Exercise goal: Leave every picture out and return the rest of the listing verbatim.

Dataset content:
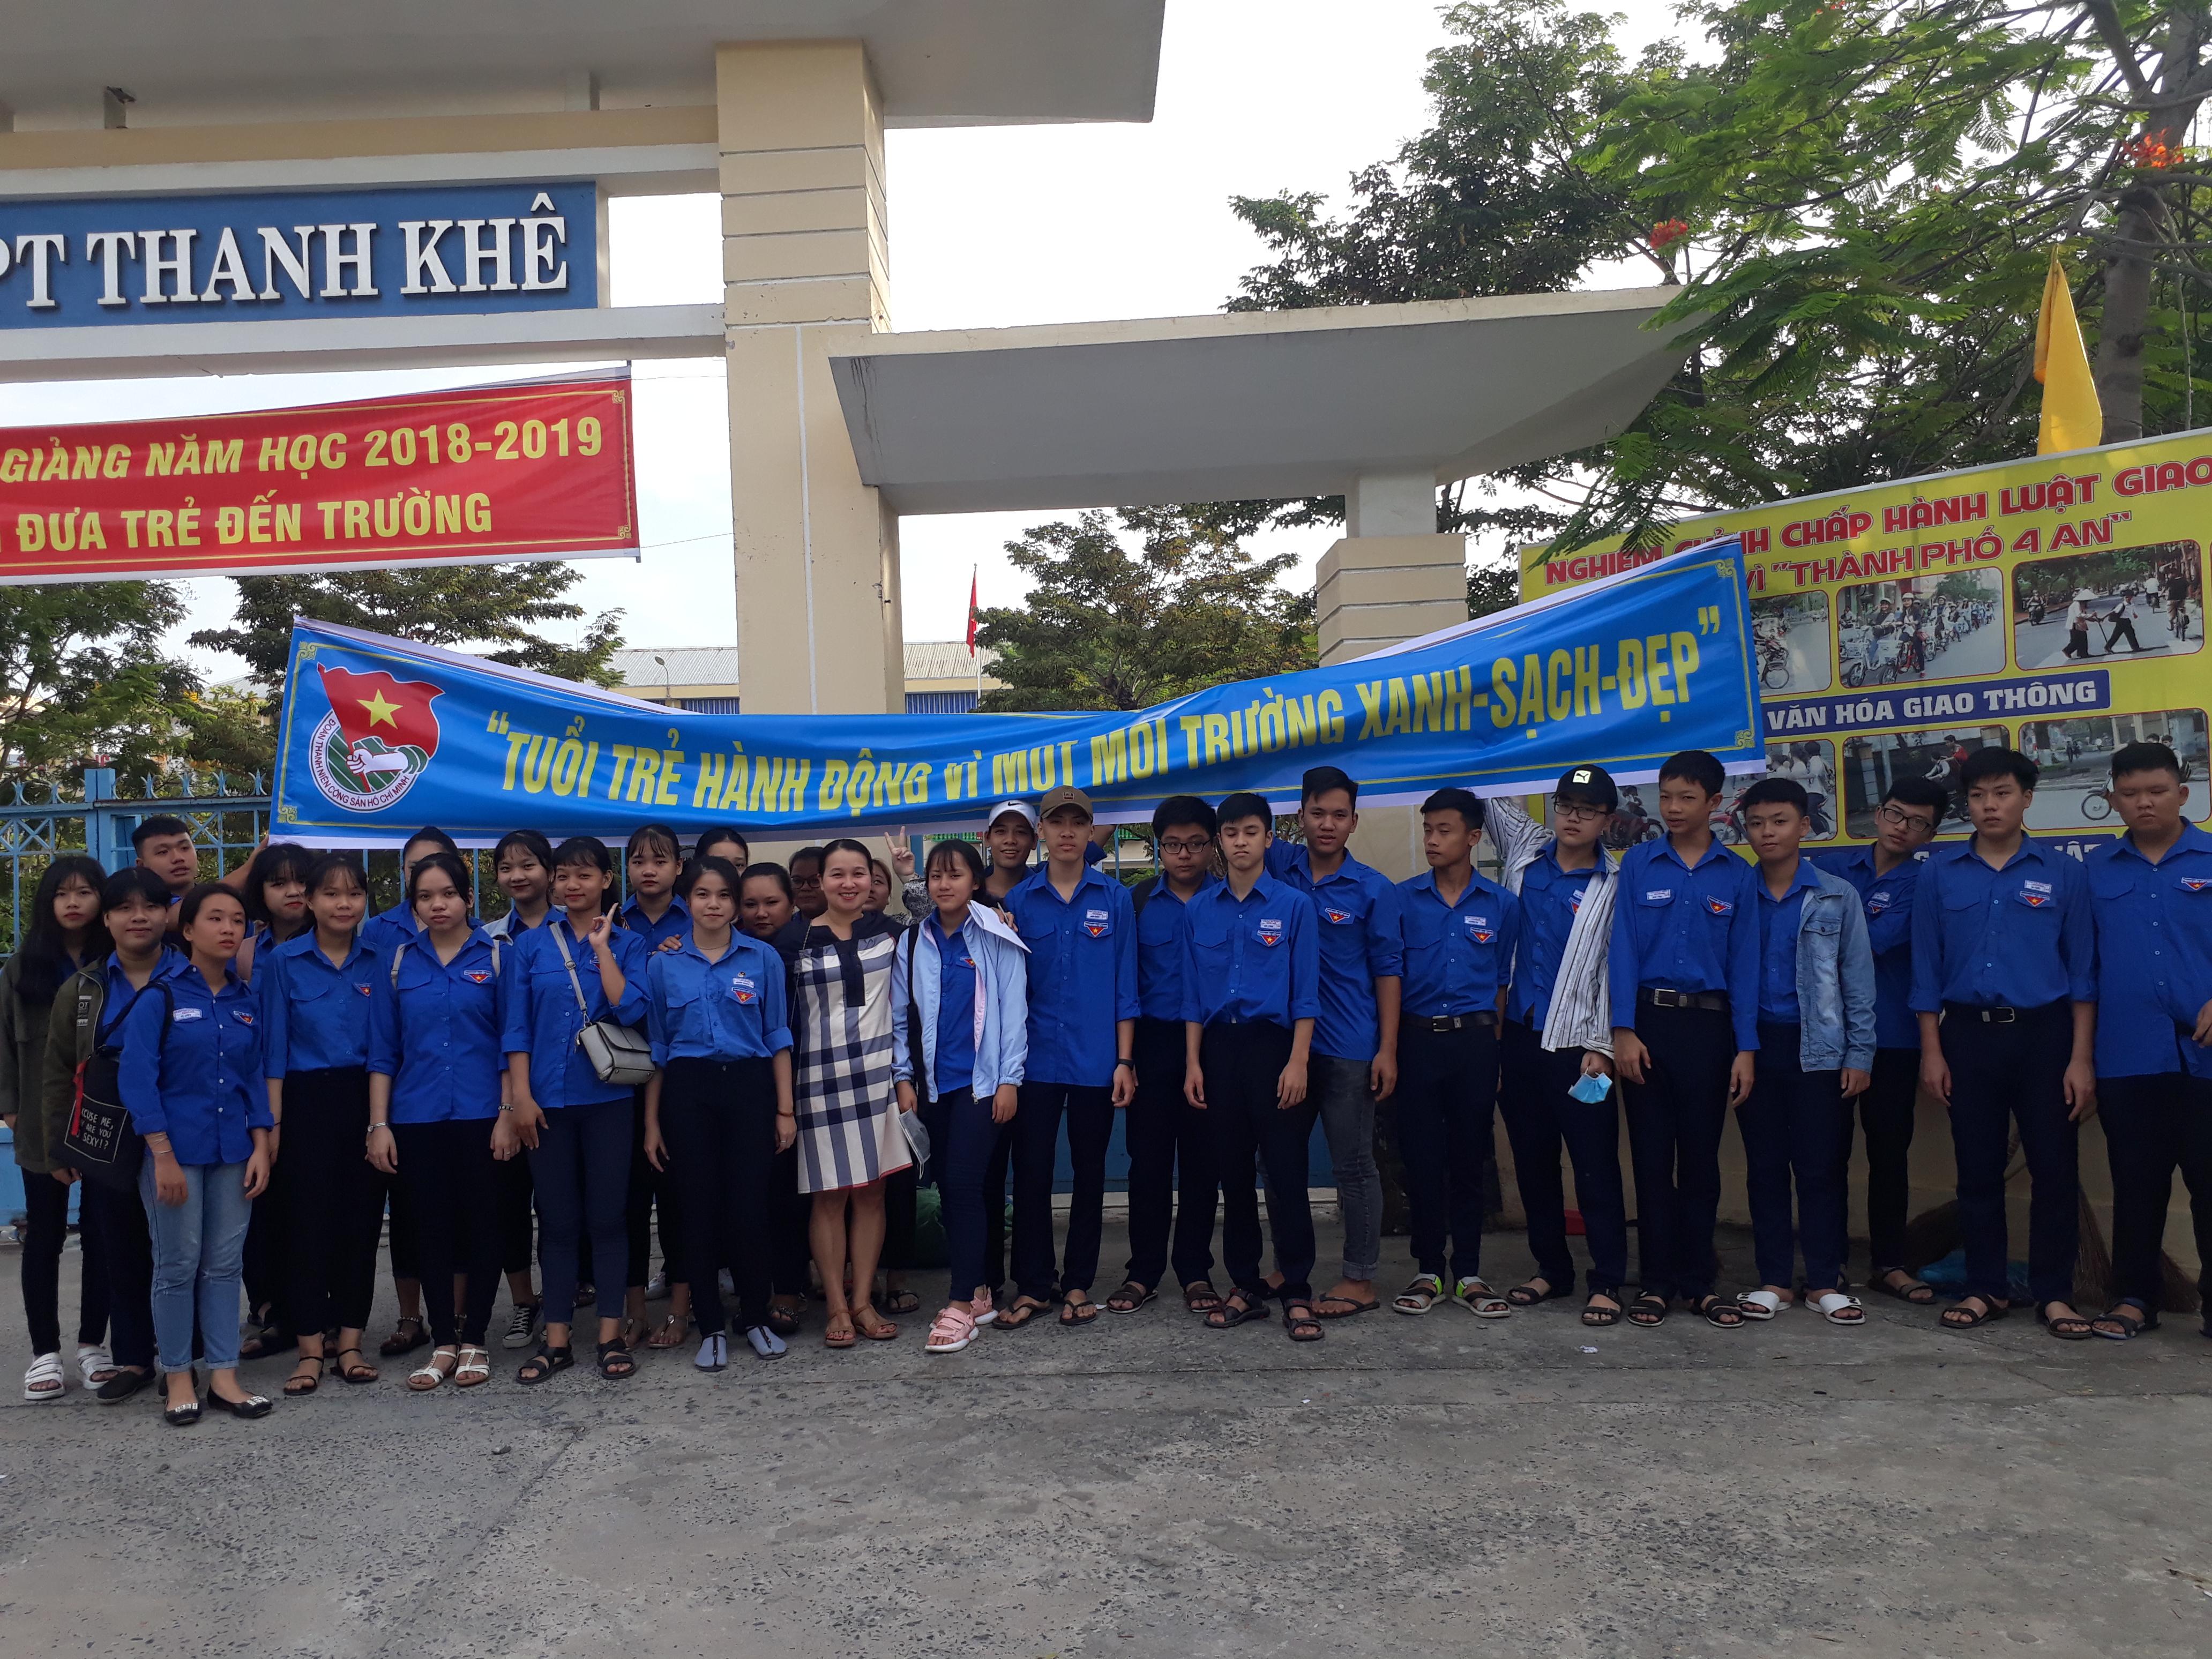 Tuổi trẻ Thanh Khê đồng loạt ra quân xóa quảng cáo rao vặt trên địa bàn quận
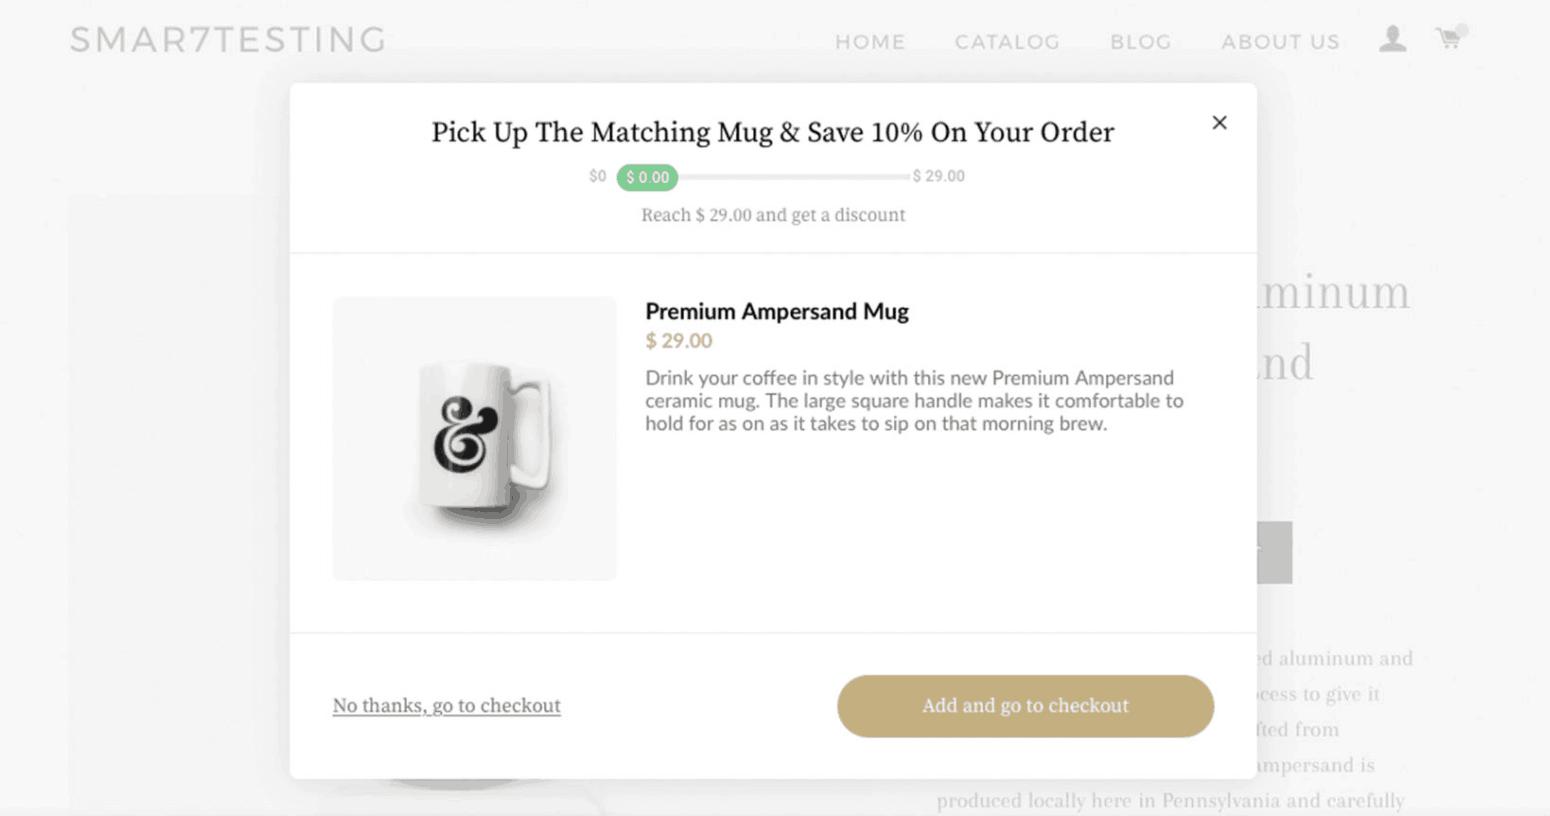 Screenshot showing an upsell offer
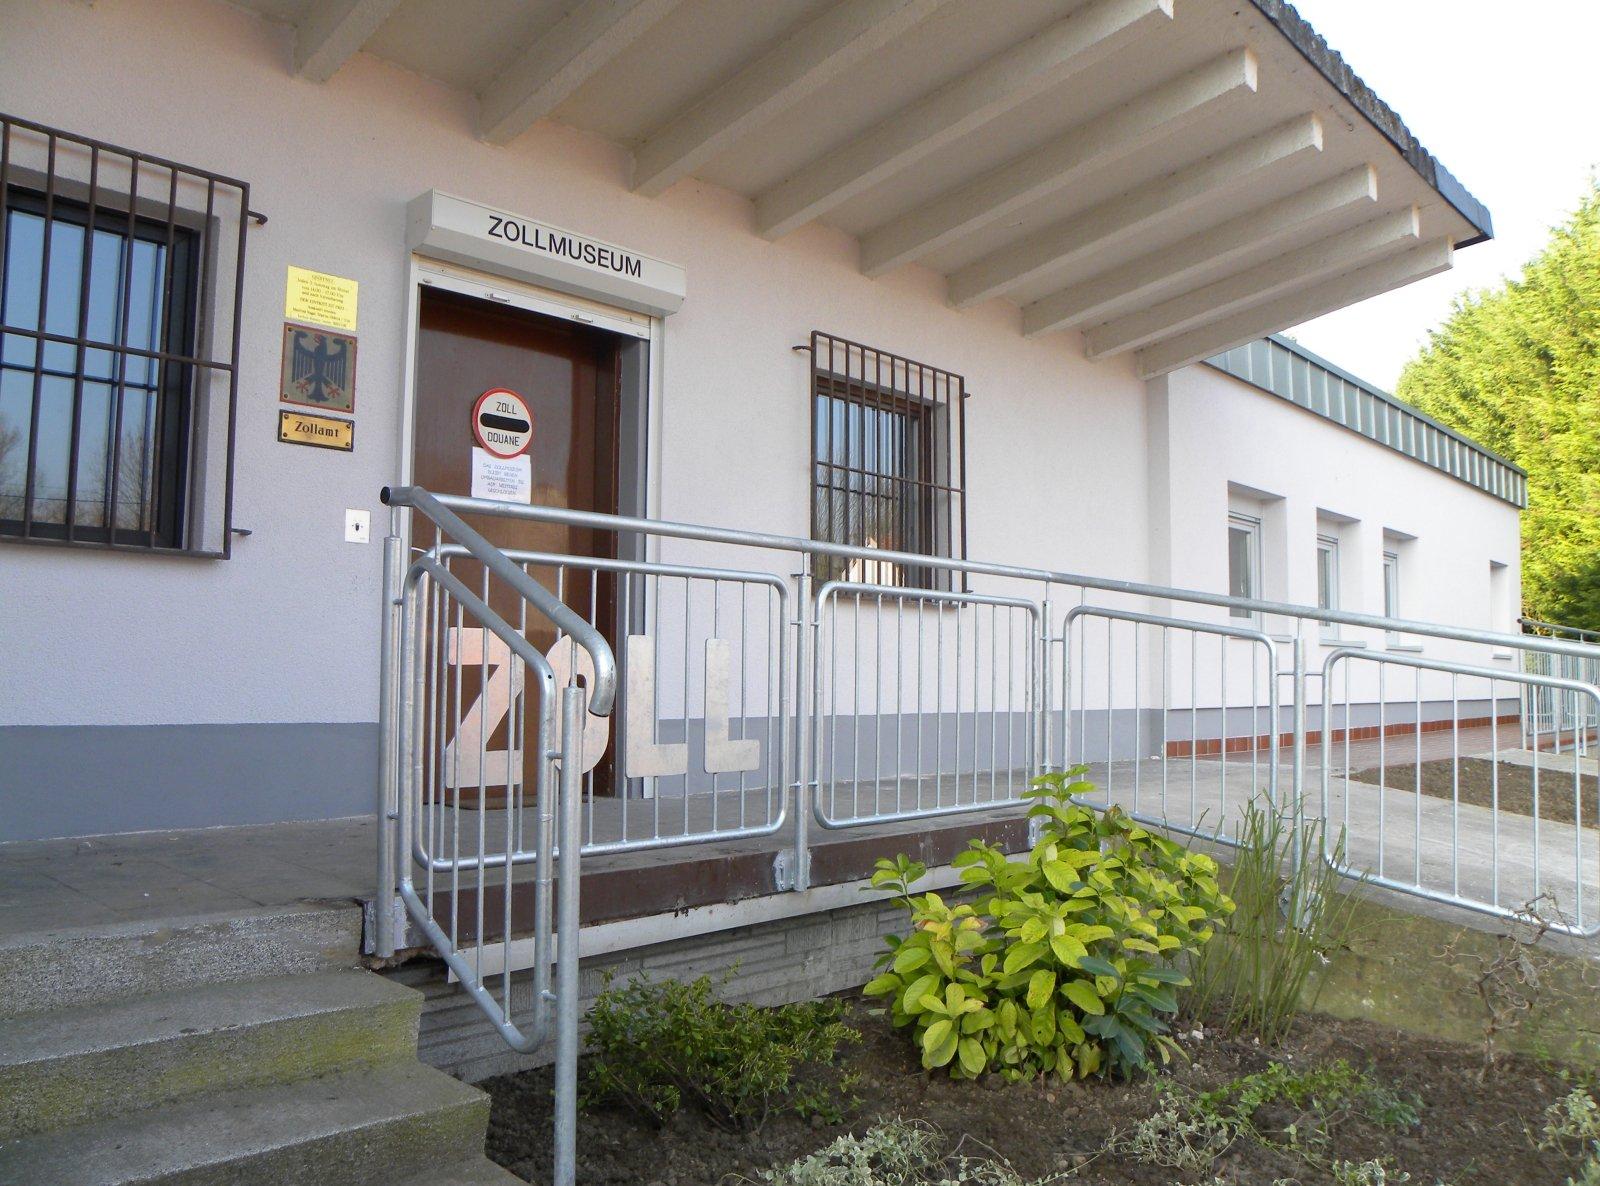 Zollmuseum in Habkirchen von Aussen

Response to the exercise:
 Tuổi trẻ Thanh Khê đồng loạt ra quân xóa quảng cáo rao vặt trên địa bàn quận
 Screenshot showing an upsell offer
 Zollmuseum in Habkirchen von Aussen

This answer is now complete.